Average KL divergence per token (D_KL(P_golden || Q_model)): 0.000409

Max KL divergence for a single token in the set: 0.003497

Troubleshooting and Development

Adding New Models

To extend conversion support to a new model architecture, you must define its specific parameter and configuration mappings. The conversion logic is decoupled, so you only need to modify the mapping files.

  1. Add parameter mappings:
  • In utils/param_mapping.py, add the parameter name mappings(def {MODEL}_MAXTEXT_TO_HF_PARAM_MAPPING). This is the 1-to-1 mappings of parameters names per layer.

  • In utils/param_mapping.py, add the hook_fn logic (def {MODEL}_MAXTEXT_TO_HF_PARAM_HOOK_FN). This is the transformation needed per layer.

  1. Add Hugging Face weights Shape: In utils/globals.py, define the tensor shape of Hugging Face format (def {MODEL}_HF_WEIGHTS_TO_SHAPE). This is used to ensure the tensor shape is matched after to_huggingface conversion.

  2. Register model key: In utils/utils.py, add the new model key in HF_IDS.

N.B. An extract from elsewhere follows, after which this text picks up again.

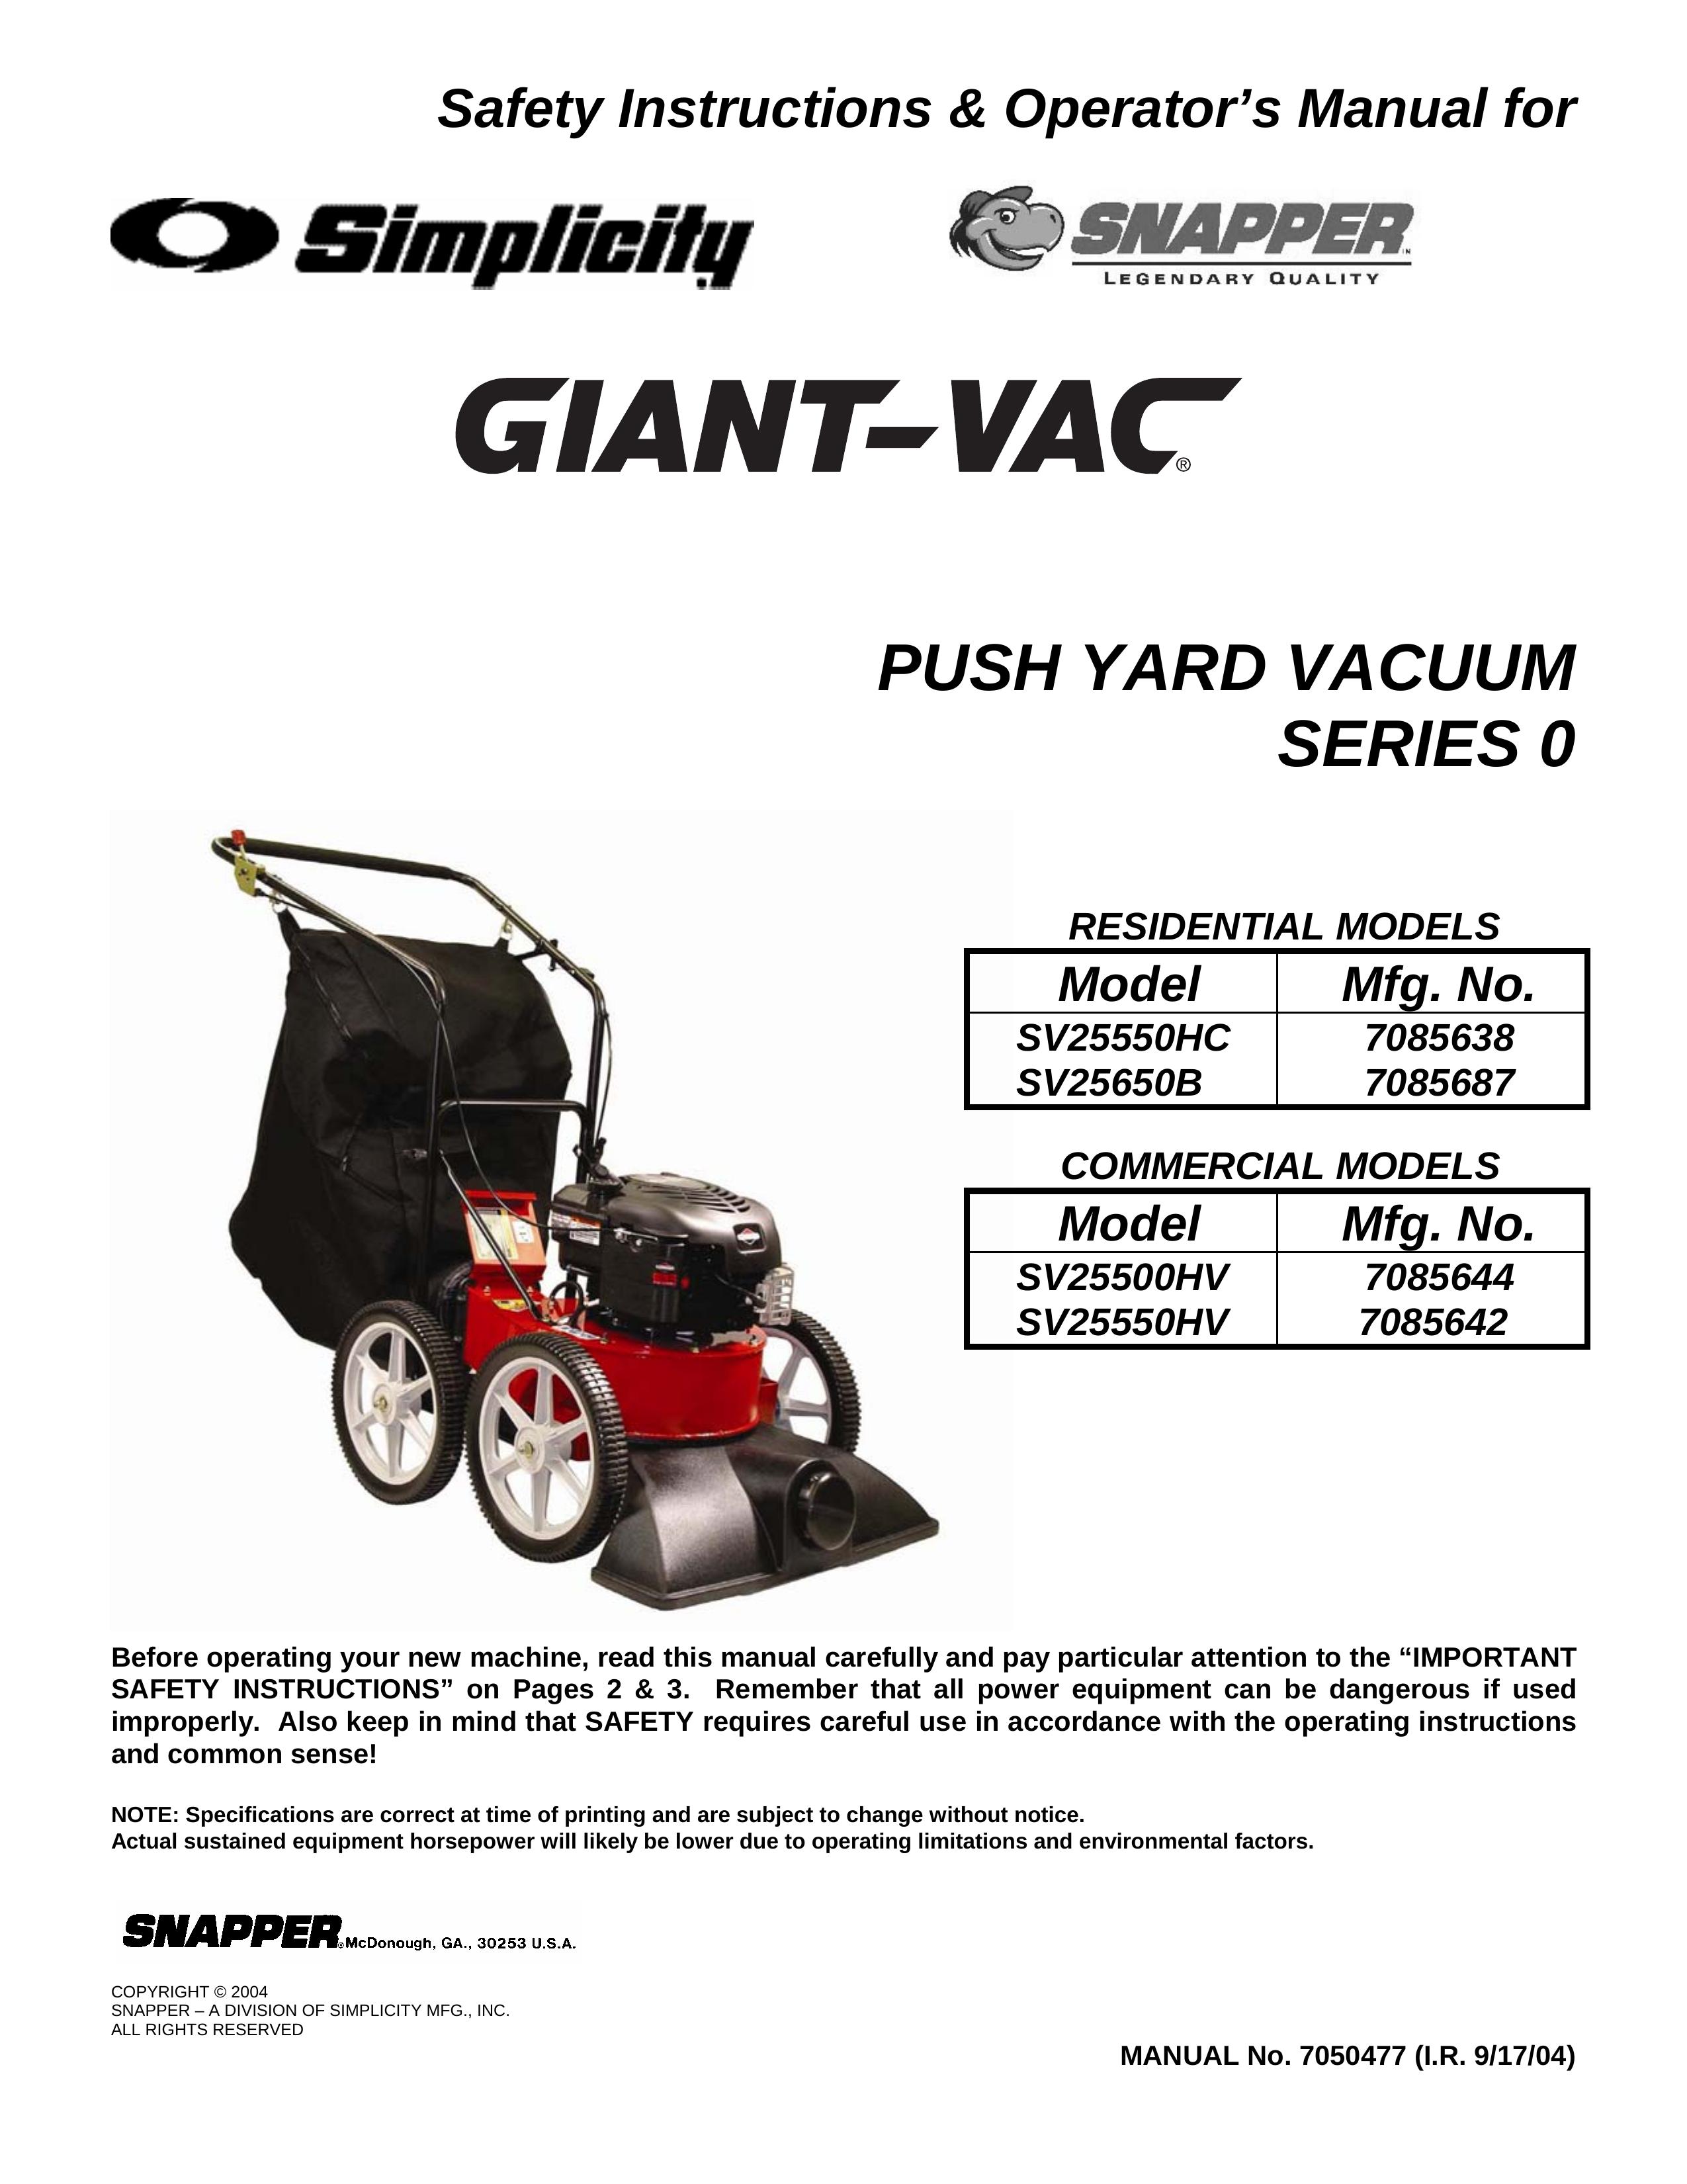 Snapper SV25650B, ESV25650B, SV25550HV Yard Vacuum User Manual

  3. Add transformer config: In utils/hf_model_configs.py, add the transformers.Config object, describing the Hugging Face model configuration (defined in src/maxtext/configs/models). This configuration must precisely match the MaxText model's architecture.

Here is an example PR to add support for gemma3 multi-modal model.

Common Errors

  • "Type ShapeDtypeStruct is not a valid JAX type": Usually caused by a mismatch in the scan_layers flag.

  • If the converted checkpoint loads without errors but produces nonsensical output, likely an error in the Q/K/V weight reshaping logic during conversion.

  • If the model generates repetitive text sequences, check if layer normalization parameters were mapped correctly.